In the United Kingdom, the album debuted at the top of the UK Albums Chart, with first week sales of 48,861 copies (including 4,359 from stream-equivalent units), outselling its closest competitor, The Balance by Catfish and the Bottlemen, by 22,000 units. It became her third chart-topping album there. The following week, Hurts 2B Human remained at the summit of the chart, selling 16,713 equivalent units. It became her first album to spend more than one week at the top in the country. The record continued to hold the number one spot for a third week in a row, with 11,582 equivalent units. Hurts 2B Human received a gold certification from the British Phonographic Industry (BPI) for selling over 100,000 units in the country. Across Europe, the album reached the top of the charts in Belgium (Flanders), Ireland, the Netherlands, Scotland, and Switzerland, and the top ten in other nations, including France, Portugal, Norway, Sweden and Finland.

In Australia, Hurts 2B Human debuted at number one on the ARIA Albums Chart, becoming Pink's sixth chart-topping album there. The album marked her forty-first week atop the chart, breaking her tie with Adele and ranking her at number five on the list of artists with most accumulated weeks at the top. It also gave her the distinction of being the female artist with the most cumulative weeks at number one, as well as placing her second on the list of female artists with the most chart-topping albums, behind only Madonna.
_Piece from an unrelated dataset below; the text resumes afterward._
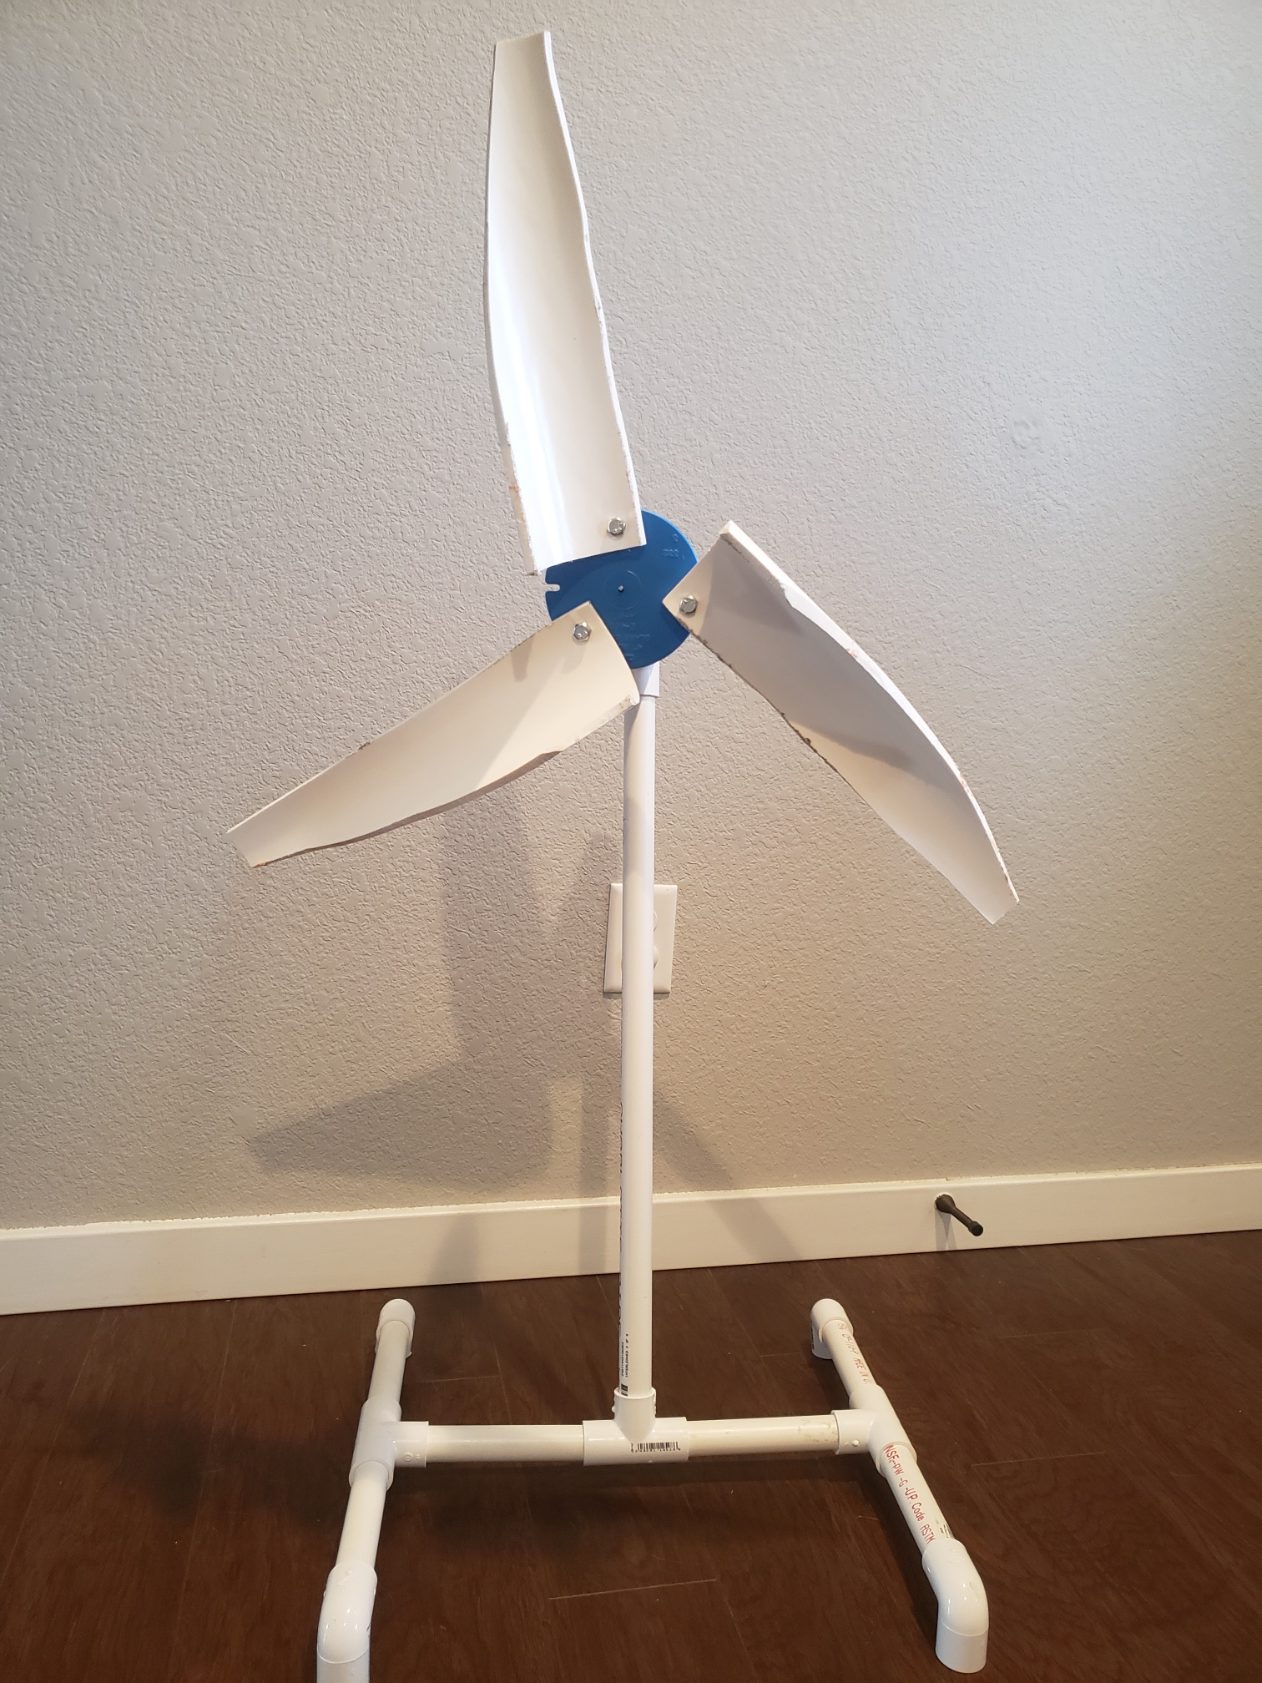 vertical wind turbine blade design

Subsequently, Hurts 2B Human spent a total of three weeks at number one on the chart, and was certified platinum by the Australian Recording Industry Association (ARIA) for shipments of 70,000 copies. In New Zealand, the record also debuted at the top spot on the Official New Zealand Music Chart, and became Pink's third number one album. It received a gold certification from the Recorded Music NZ for shipments of over 7,500 units.

==Track listing==

Standard edition
| No. | Title | Writer(s) | Producer(s) | Length |
|---|---|---|---|---|
| 1. | "Hustle" | Alecia Moore; Dan Reynolds; Jorgen Odegard; | Odegard; Reynolds^{[a]}; | 2:55 |
| 2. | "(Hey Why) Miss You Sometime" | Moore; Max Martin; Shellback; | Shellback; Martin; | 3:23 |
| 3. | "Walk Me Home" | Moore; Scott Harris; Nate Ruess; | Peter Thomas; Kyle Moorman; | 2:59 |
| 4. | "My Attic" | Julia Michaels; Ilsey Juber; Freddy Wexler; | The Struts; Freddy Wexler; | 3:02 |
| 5. | "90 Days" (featuring Wrabel) | Moore; Stephen Wrabel; Steve Robson; | Robson; Wrabel; Simon Gooding^{[a]}; | 3:50 |
| 6. | "Hurts 2B Human" (featuring Khalid) | Moore; Teddy Geiger; Harris; Anna-Catherine Hartley; Alexander "Xplicit" Izquierdo; Khalid Robinson; | Odegard | 3:22 |
| 7. | "Can We Pretend" (featuring Cash Cash) | Moore; Ryan Tedder; Jean Paul Makhlouf; Alex Makhlouf; Samuel Frisch; | Cash Cash; Tedder; | 3:44 |
| 8. | "Courage" | Moore; Greg Kurstin; Sia Furler; | Kurstin | 4:19 |
| 9. | "Happy" | Moore; Geiger; Alexandra Yatchenko; Steph Jones; | Oscar Görres; Geiger^{[b]}; | 3:01 |
| 10. | "We Could Have It All" | Moore; Kurstin; Beck Hansen; | Kurstin | 4:33 |
| 11. | "Love Me Anyway" (featuring Chris Stapleton) | Moore; Allen Shamblin; Tom Douglas; | Pink; Sal Oliveri^{[a]}; Simon Gooding^{[a]}; | 3:08 |
| 12. | "Circle Game" | Moore; Kurstin; | Kurstin | 4:54 |
| 13. | "The Last Song of Your Life" | Moore; Billy Mann; | Mann; Pink; | 3:53 |
| Total length: |  |  |  | 47:03 |

Japanese bonus track
| No. | Title | Writer(s) | Producer(s) | Length |
|---|---|---|---|---|
| 14. | "More" | Moore; Jetta John-Hartley; busbee; | busbee | 3:50 |
| Total length: |  |  |  | 50:53 |

===Notes===
- signifies an additional producer.
- signifies a vocal producer.

==Credits and personnel==
Credits were adapted from the liner notes.

===Locations===
====Recording====

- The Village (Los Angeles, California) – recording (tracks 1, 7, 9, 11)
- Wolf Cousins Studios (Stockholm, Sweden) – recording (tracks 4, 9)
- Roundhead Studios (Auckland, New Zealand) – vocals (tracks 4, 14(bonus))
- Record Plant (Los Angeles) – vocals (track 6)
- Echo Studio (Los Angeles) – recording (tracks 8, 10, 12)
- Earthstar Creation Center (Venice, California) – recording (tracks 8, 10, 12), vocals (track 9)
- MXM (West Hollywood, California) – recording (track 9)
- Grand Central South – recording (track 11)
- Henson Recording Studios – recording (track 12)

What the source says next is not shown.